Mirror's Edge cover art

Mirror's Edge cover art

I really wanted to love this games. It caught my eye with its dystopian world. It lured me closer with its strong female protagonist and it tempted me to play with its interesting game mechanic. After some closeup time with the game though, I’m sorry to say that I’m breaking up with it. I just can’t take the abuse.

I’ve been describing the game as: “It’s fun until it isn’t.” Which is to say that the parkour aspects are actually really fun. Climbing and jumping across an urban landscape in first person view can be quite rewarding as you string together long rows of techniques. The problem comes when you fail to make that jump or catch that ledge. Then you fail to make it again. And again. And again. I had some of the most swear-till-my-throat-is-sore moments with this game. The same fluidity that comes from wall-running, climbing pipes or timing jumps brings with it a need for near perfection that rewards the best and leaves the rest to holler at the screen.

If you have heard anything about this game from a podcast or a blog, the comments made were probably about the combat. It stinks. It’s true. It does. In a game that rewards running away from conflict, in several places it forces you incapacitate a room full of guards. Often times using a gun to take out a sniper or other enemy firing at you is the quickest course of action. Fighting hand-to-hand will always gives the player the advantage though if they are willing to play a ‘quicktime event’ with each armed enemy that approaches them. That process becomes tiresome over several hours of play. It is much more enjoyable to punch a solider in the face and then kick them in the balls. That always seems to knock them out.

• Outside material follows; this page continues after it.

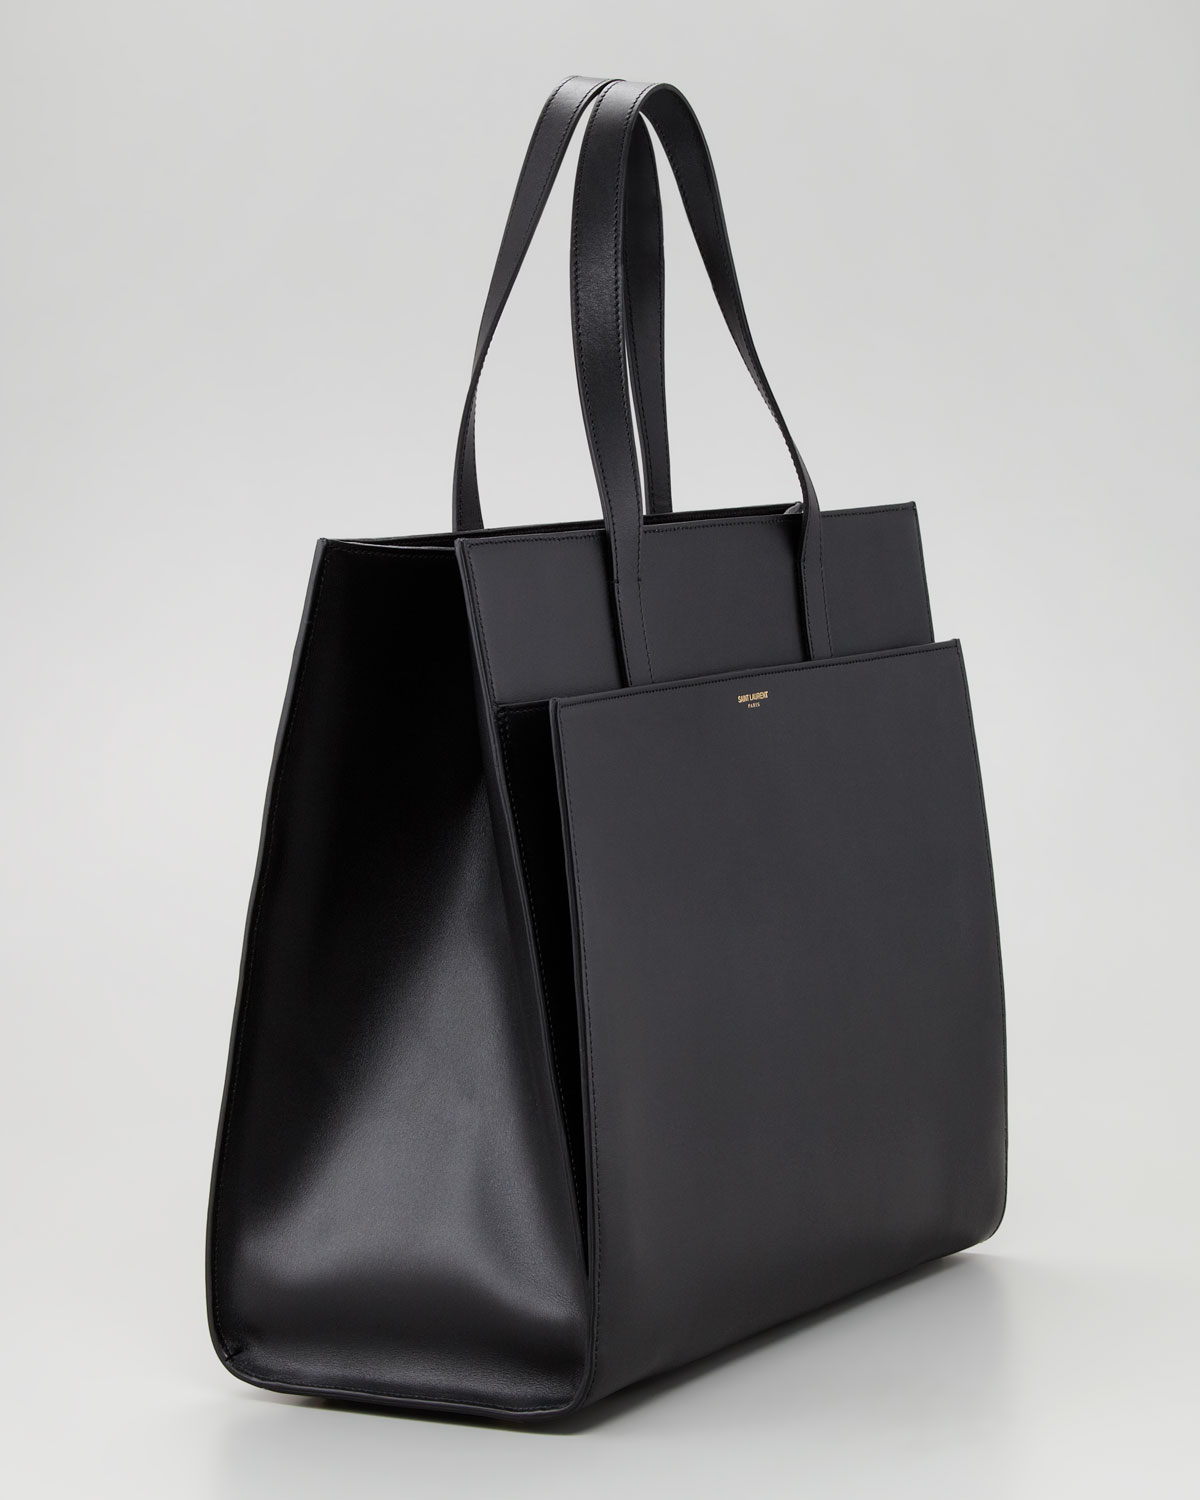 Sale On Saint Laurent Shopping Bag Tote | SEMA Data Co-op

There are two different types of video in this game: animation and in-engine scenes. The in-engine scenes are those that maintain the first person view and have people interacting with the gamer from inside the protagonist. You see her hands grab things or look down to see her feet running. The gamer still feels in control even if the camera is moving according to the game’s script. Unfortunately, after each chapter there are short videos that remove the gamer’s control completely and show the protagonist interacting with other characters in animated scenes that look noticeably lower quality from the other content in the game.

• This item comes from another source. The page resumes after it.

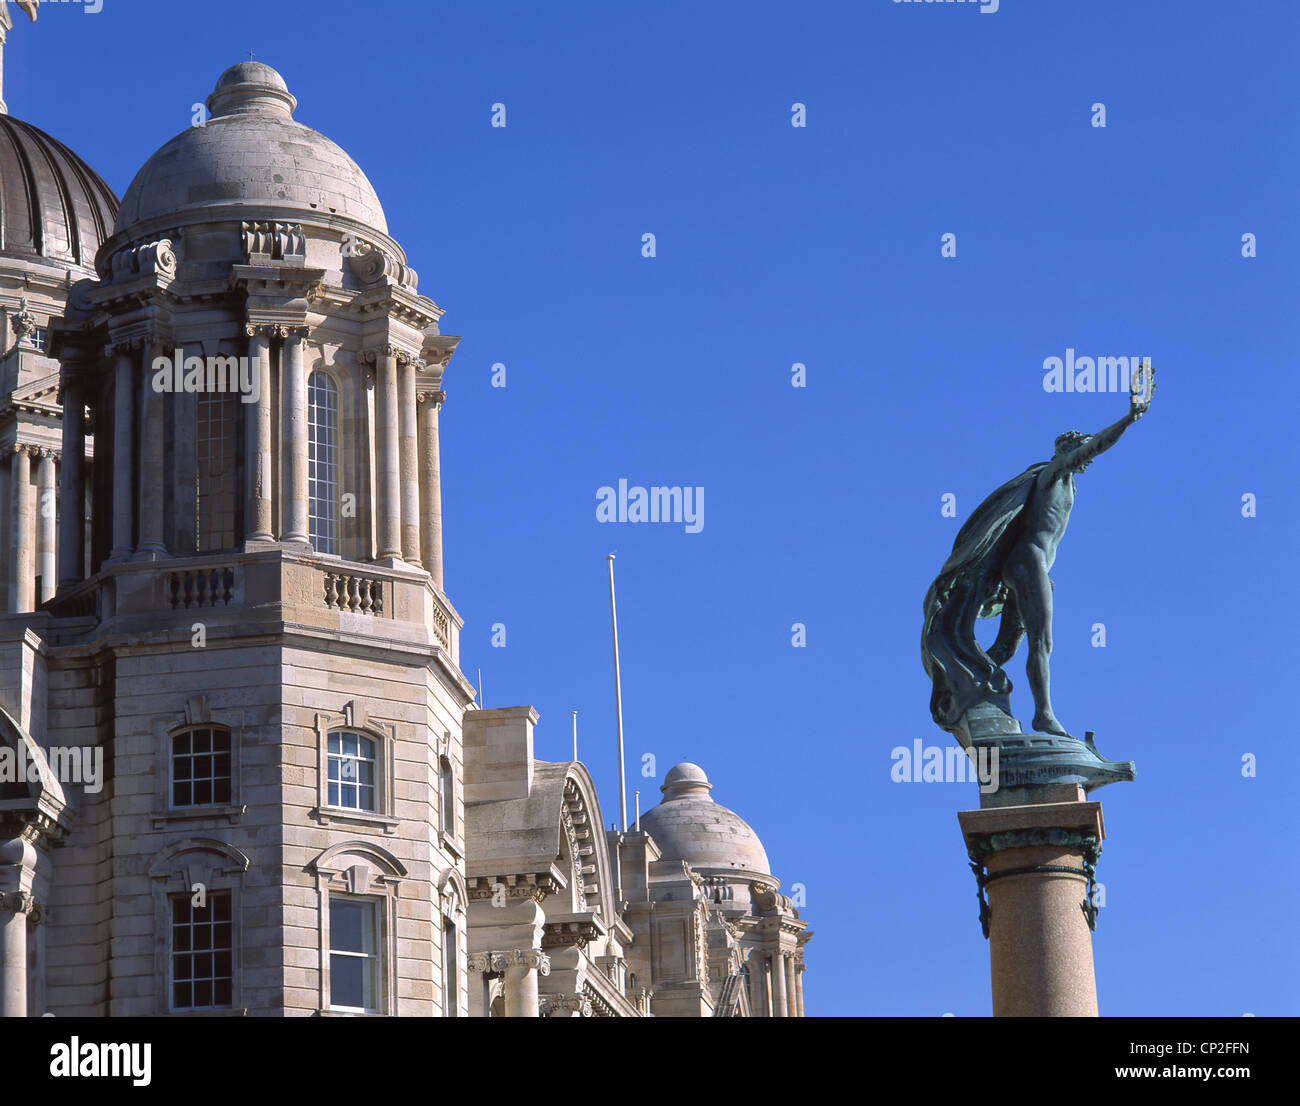 Port of Liverpool Building und War Memorial Statue am Molenkopf Liverpool, Liverpool, Merseyside, England, Vereinigtes Königreich Stockfoto

Let me sum this up for you. If you are interested in playing this game, try the demo. Honestly. If you make it through the demo but get mad at missing a jump or not getting a smooth run, you might not want to play the full game. Although overall I had fun with the game, I considered many, many times throwing the controller at the screen during the infuriating moments of missing a jump or not having perfect timing. Your mileage may vary.